“THE STATE OF DUTCH NEW MUSIC” at Gaudeamus opening 2024
The State of Dutch New Music is being spoken every year at the opening of the prestigious festival Gaudeamus by selected composers, in order to reflect on the state of music, society, current politics and art. This year Calliope Tsoupaki gave the opening speech.
“What is more beautiful than a question without an answer? Colleague Charles Ives also knew that very well. In art and music, you don’t have to prove anything. A work of art is an open question about beauty, adventure, freedom of expression and unlimited thinking” Calliope Tsoupaki
Read the full speech here:
When it comes to music, we usually talk about melody, rhythm, and harmony. Harmony has an allegorical ulterior motive, its meaning reflecting our desire to live in harmony in a harmonious society and world.
But in this talk, I want to refer to the concept of counterpoint.

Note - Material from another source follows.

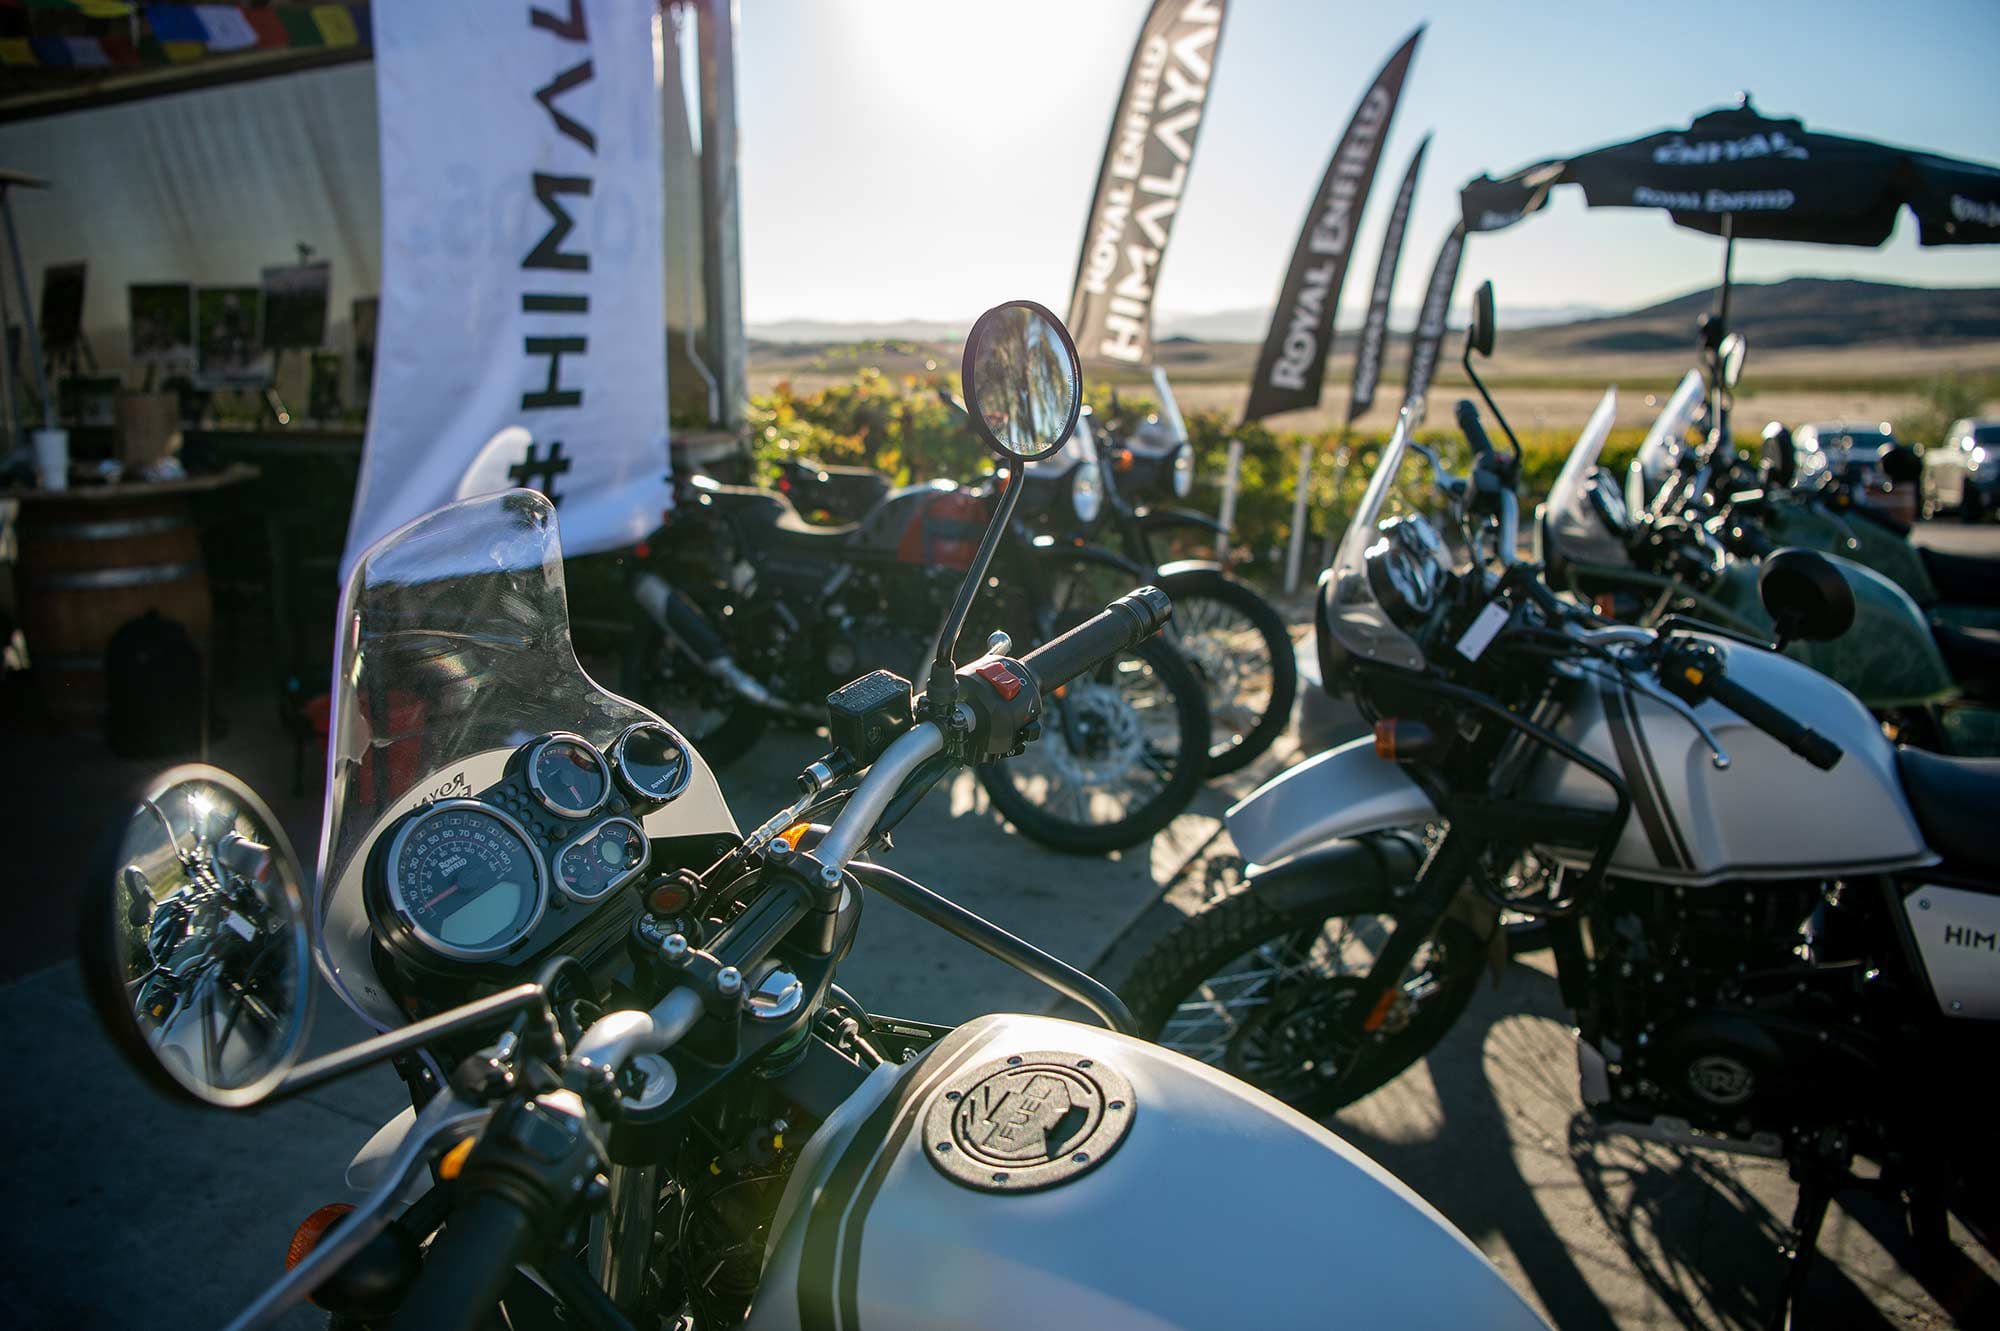 Doffo Winery hosted the 2022 Royal Enfield Himalayan press intro in Temecula, California.

Counterpoint is a compositional technique that was the only existing technique for ‘composed’ music in the early times of Western polyphony.Counterpoint, literally note-against-note, is the musical system that handles the coexistence of different melodies in a spatially ideal and free sound environment in which valid rules regulate the beauty, plasticity and balance of the whole.In the first year of studying political science, you learn that freedom exists by respecting everyone’s freedom, everyone’s space and right to exist: your freedom ends where the other’s freedom begins.
In an ideal state, we move along with a free, unconstrained social environment. We understand and respect each other and the laws that define and enable our harmonious society. When I think of this, I think of ‘Counterpoint as an image of the ideal state’. Freedom against freedom, in the polyphony of a democratic system.
Inevitably, we are trapped in our society and era. Louis Andriessen had sensed and understood this very well when he decided to compose De Staat (The State). He was, and still is, relevant.
He said, ‘I wrote De Staat as a contribution to the debate over the relationship between music and politics. Many composers see their work as being somehow above social influences. I disagree with that. The way you arrange musical material, the techniques you use and the kind of instruments you write for, are largely determined by your own social background and listening experience, plus the availability of financial support.’
As I reflect on his words, I am inclined to reverse the reasoning and draw the conclusion that choosing to compose is in fact a political decision and act.
In De Staat Louis has chosen to set to music the excerpt from Plato’s The Republic in which he argues that specific sounds, the Lydian and Mixolydian scales, should be banished as being whiny, weepy and inappropriate within his ideal state. Only the Dorian and Phrygian scales were accepted, as they were good for (male) warriors.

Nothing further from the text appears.